LAWS(PVC)-1943-2-12

NAWAB HUMAYUN BEGAM Vs. NAWAB SHAH MOHAMMAD KHAN

Decided On February 24, 1943
NAWAB HUMAYUN BEGAM Appellant
V/S
NAWAB SHAH MOHAMMAD KHAN Respondents

JUDGEMENT

(1.) This is an appeal from a decree from the Chief Court of Oudh, which had reversed the decree of the Subordinate Judge of Lucknow, who had made a decree in favour of the plaintiff, the present appellant. The claim was contained in a suit which was commenced-and the date is for some purposes important-on 15th September 1934. It was a case in which, as originally framed, the plaintiff instituted a suit against her husband, his son, defendant 2, and two banks in India with whom money had been deposited on fixed deposit receipt and the claim was brought by the lady for a declaration that certain sums of money which were held by the banks on deposit receipt were her property and not her husband's. The facts appear to be that the lady was married in 1928 to the defendant, and in 1929 she had handed certain money-the only sum which their Lordships need trouble with at present is a sum of Rs. 99,000-which belonged to her, to her husband to be put on deposit in the bank in their joint names. The lady is a purdahnasheen lady and illiterate, except that she can write and read elementary Urdu. At different times the husband had transferred the money from the joint account in the name of himself and his wife into, in some cases, his own name, and in other cases into the joint names of himself and his son; and at the time that the suit was brought, by a series of different renewals of the deposit receipts, a substantial amount, which probably by this time had grown to a lakh, was in the name of the husband and his son on a deposit receipt which expired on 1 October 1934.
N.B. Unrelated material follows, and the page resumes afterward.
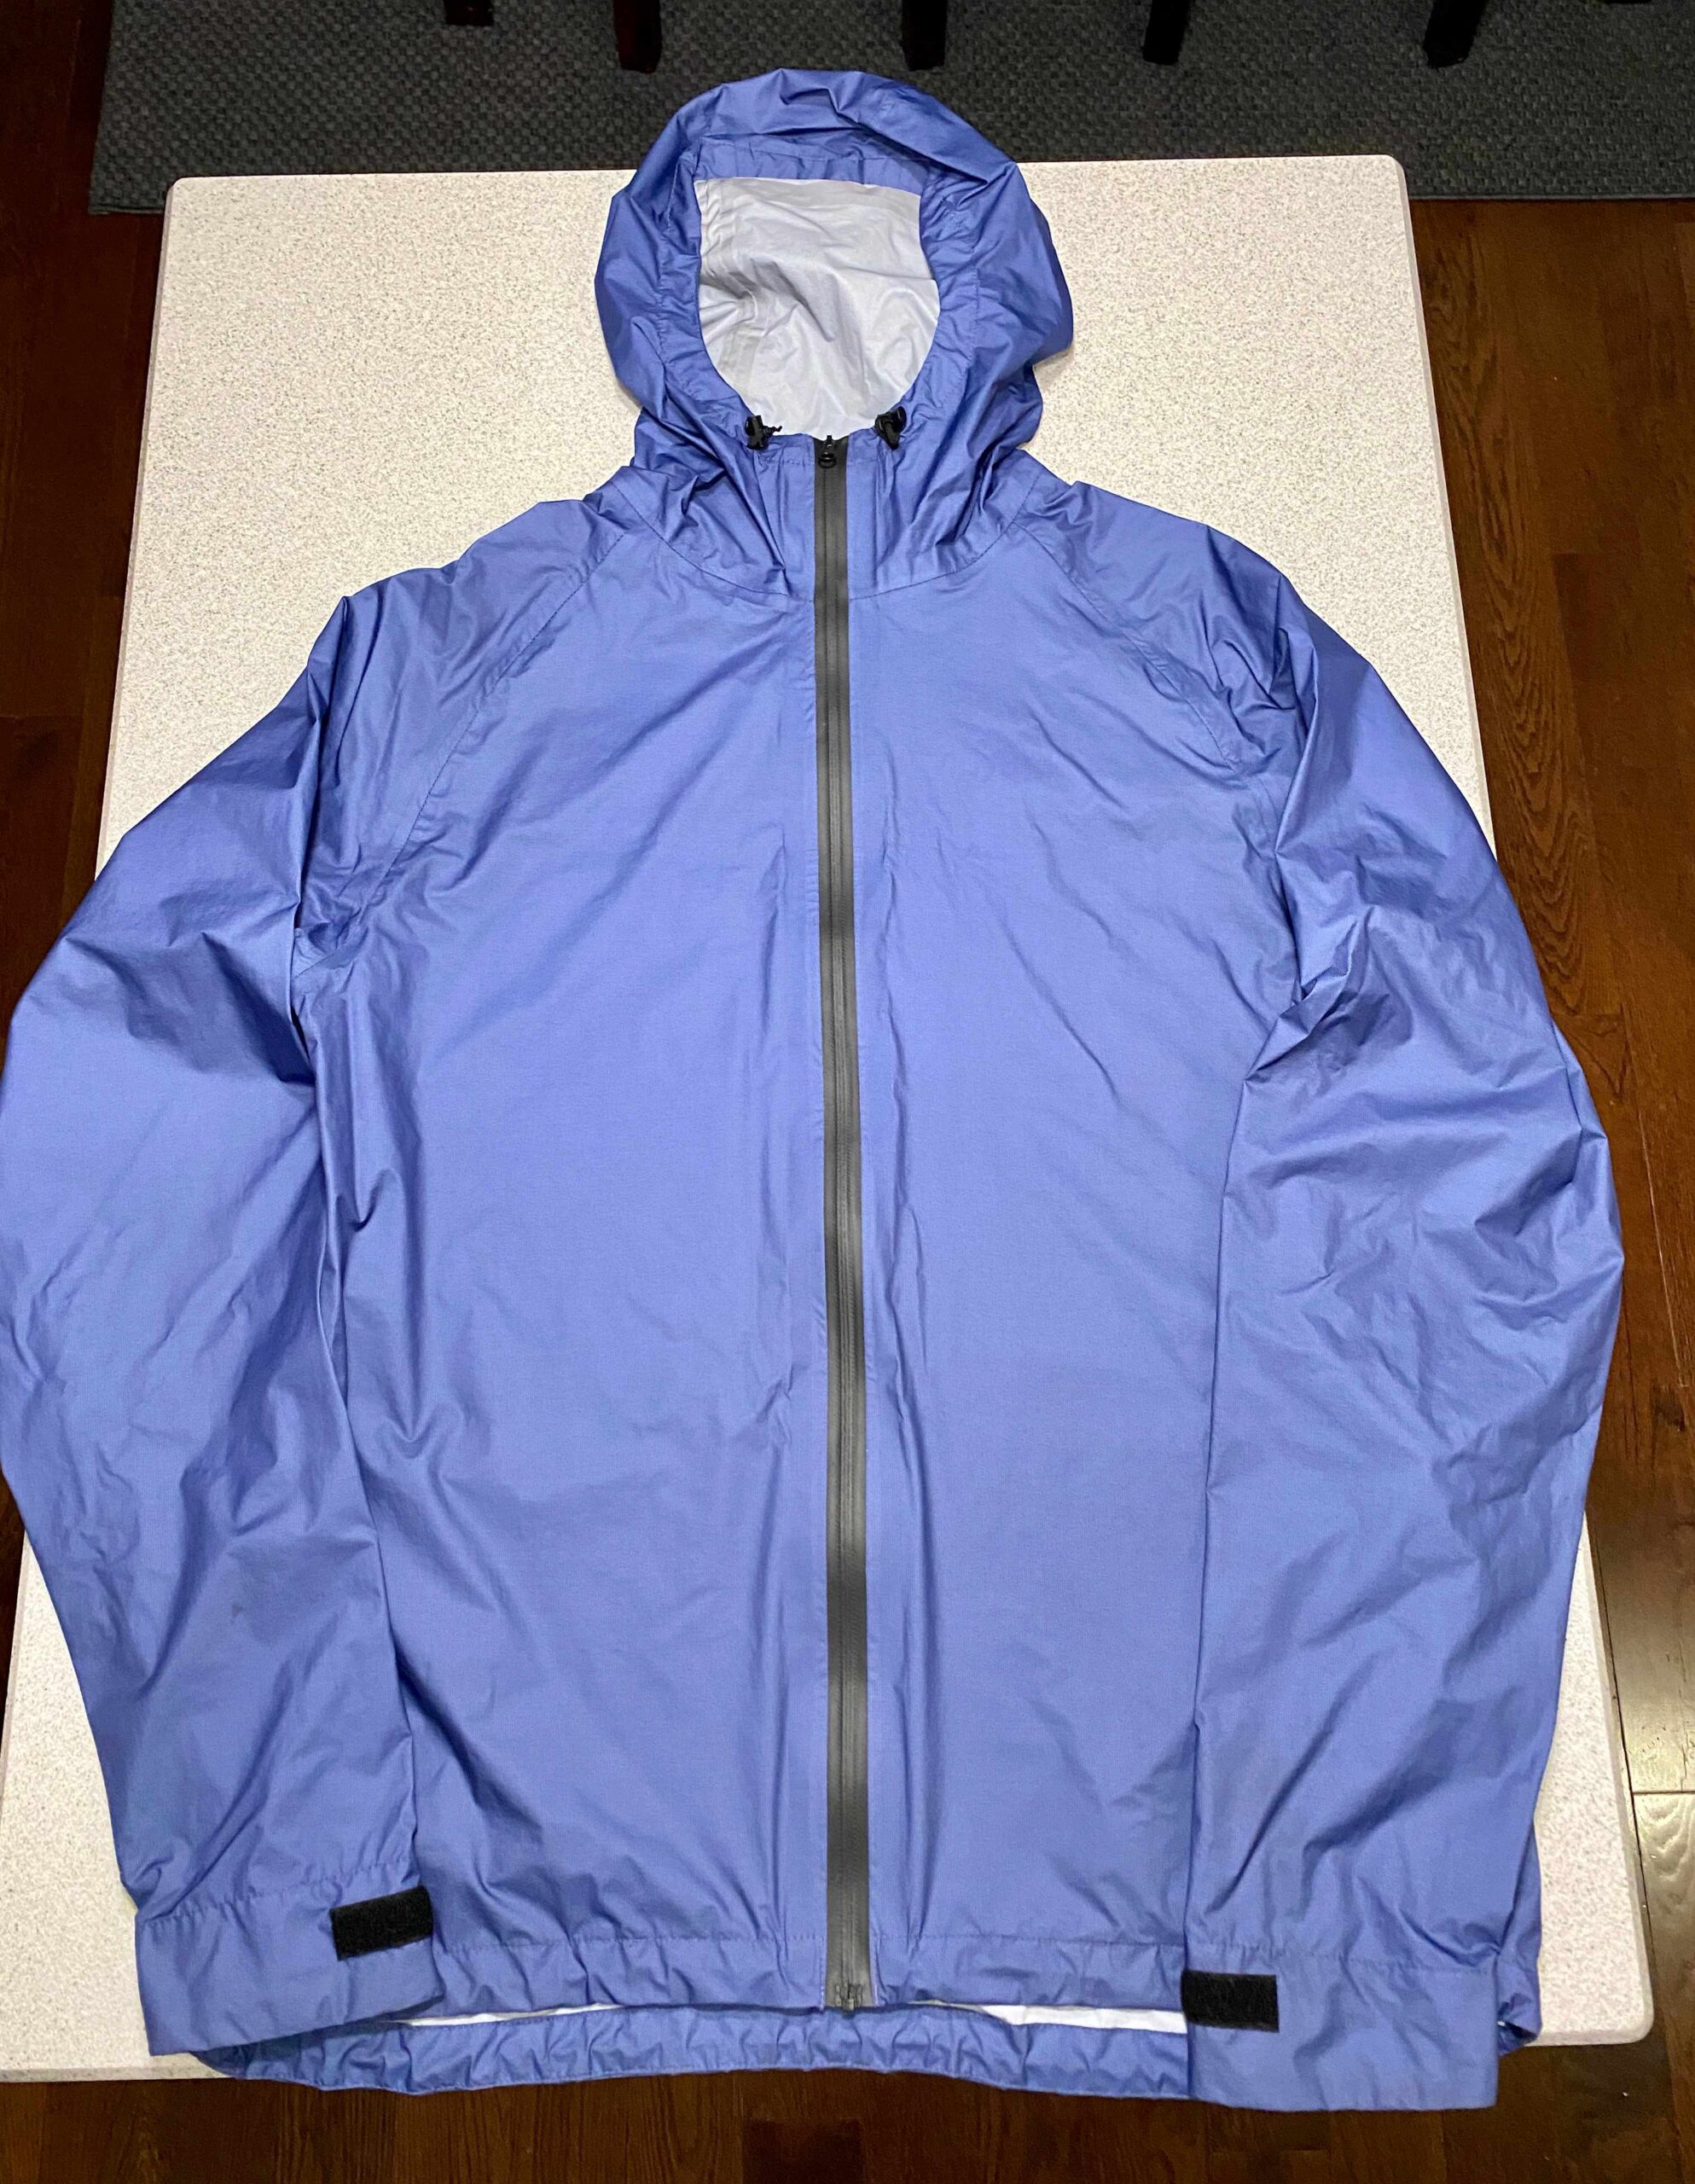 Enlightened Equipment Visp Rain jacket Review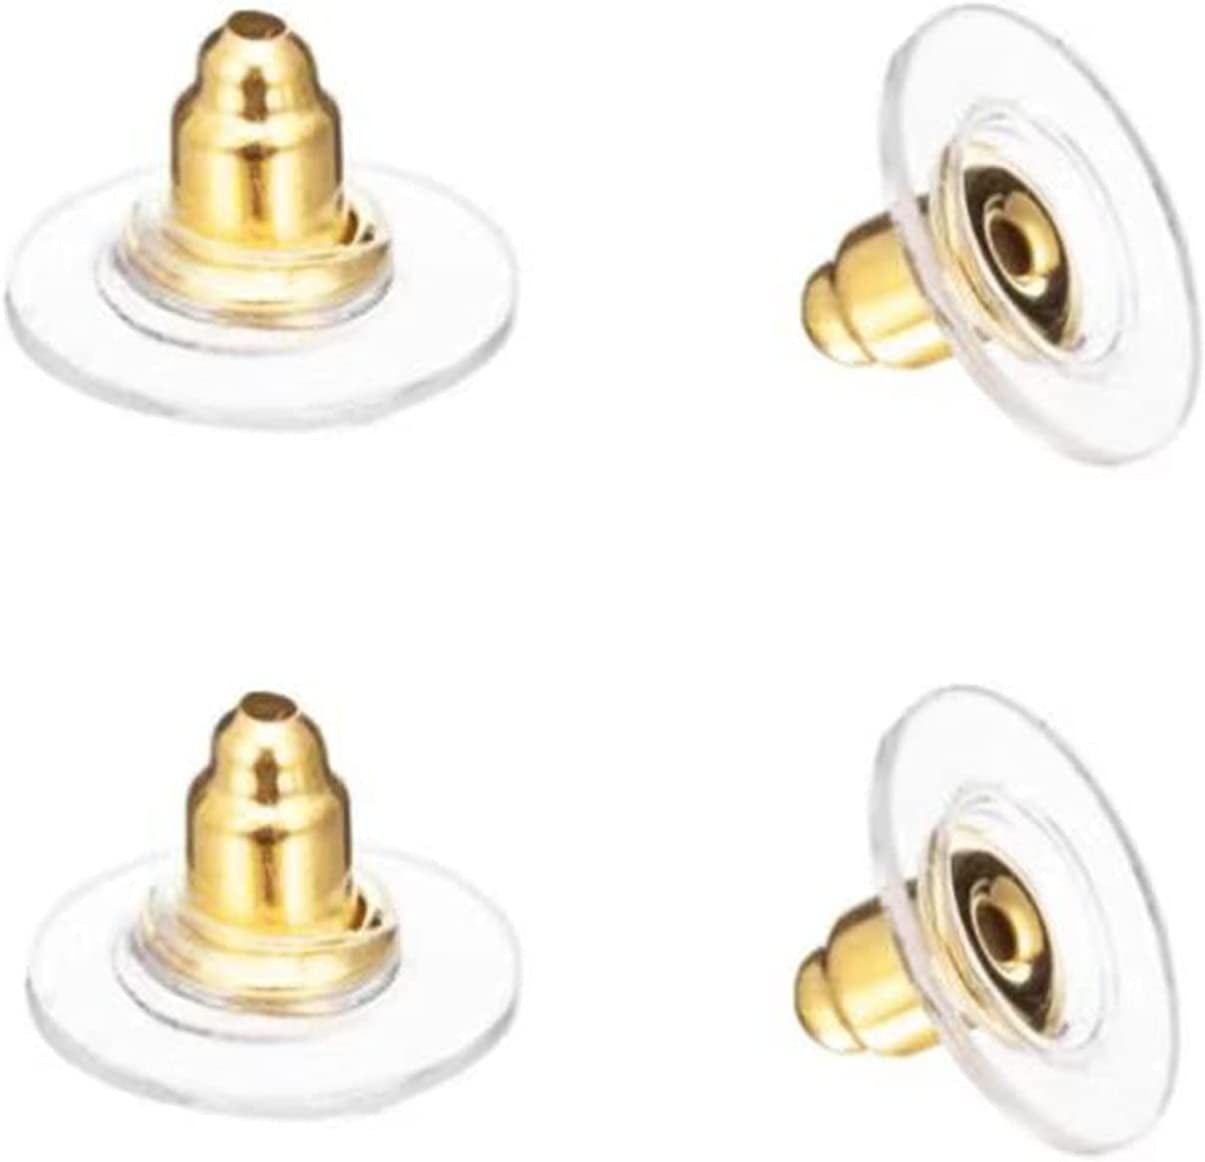 100pcs Rubber Disc Earring Backs To Secure Heavy Stud Post Style Earrings  US

(2.) The lady made the banks, as well as the husband and the son, defendants to the suit. Certain defences were put up, one being that the money never was the plaintiff's at all; and secondly, a somewhat inconsistent defence, that she had given the money to her husband. However, both those defences were held by both Courts to be bad, and their Lordships are not concerned with them; they have not been contested here, there being concurrent findings on those important questions of fact. Therefore, the position would seem to be that the lady was entitled to say, when she issued her plaint, that these sums of money which then stood in the bank were hers. It is to be remembered that at this time the amount on the contract, if she was at all bound by the contract, was not due, because the time had not fully expired. There is only one further fact that need be mentioned, which is that in order to manage her affairs she had given to her husband a power of attorney with full authority to act for her and in her name. The Subordinate Judge, having come to the findings mentioned, held the lady was entitled to the declaration claimed and decreed accordingly. In the Chief Court the point was made, as indeed had been made before the Subordinate Judge, that under S. 42, Specific Relief Act, the lady was not entitled to the declaration that, she asked. Section 42 is quite plain that any person entitled to any right to any property may institute a suit against any person denying or interested to deny, his title to such character or right, and the Court may in its discretion make therein a declaration that he is so entitled, and the plaintiff need not in such suit ask for any further relief. Provided that no Court shall make any such declaration where the plaintiff being able to seek further relief than a mere declaration of title, omits to do so.

(3.) The Chief Court held that the lady was entitled to ask for other relief and, therefore, she could not merely get her declaration of title. No doubt, as has been suggested, at any rate, one of the reasons for the proviso is to protect the revenue from having a suit brought without the proper ad valorem stamp fee having been paid. The stamp of a declaration is a nominal stamp fee, whereas, if other relief had been claimed it would have been ad valorem. It appears to their Lordships that in this case the plaintiff was clearly entitled to the declaration that she asked for and that she was not able to ask for any other relief. Soon after the suit was brought, but after the period at which the fixed deposit had expired, in other words, in December 1934, on an application made before the Sub-ordinate Judge, the banks submitted to pay to whomsoever the Court should decide had the title and thereupon they were discharged from the Suit. Their Lordships do not stay to comment upon that, except possibly to say that it is not quite clear that that was the right course to take in a case where a declaration was claimed. It might well have been thought fit to allow the banks to remain in the suit for the purpose of being bound by the declaration that was sought, but they have in fact been dismissed from the suit and the action then proceeded against the present defendant who may be treated for practical purposes as being the husband-the minor son for this purpose does not count. In those circumstances it seems to their Lordships that the lady was entitled to a declaration against the husband and there was no other relief she could properly claim against him; indeed, once the banks had been treated as out of the case, which their Lordships think is the right way of treating it for this purpose, it is conceded, quite rightly by counsel for the respondents, that there was no other relief which could be claimed against the husband. The money was in the banks and at the disposal of the plaintiff and it would have been impossible to make any other claim against the husband except for a declaration that the money in the banks was money which the plaintiff was entitled to have paid out to her.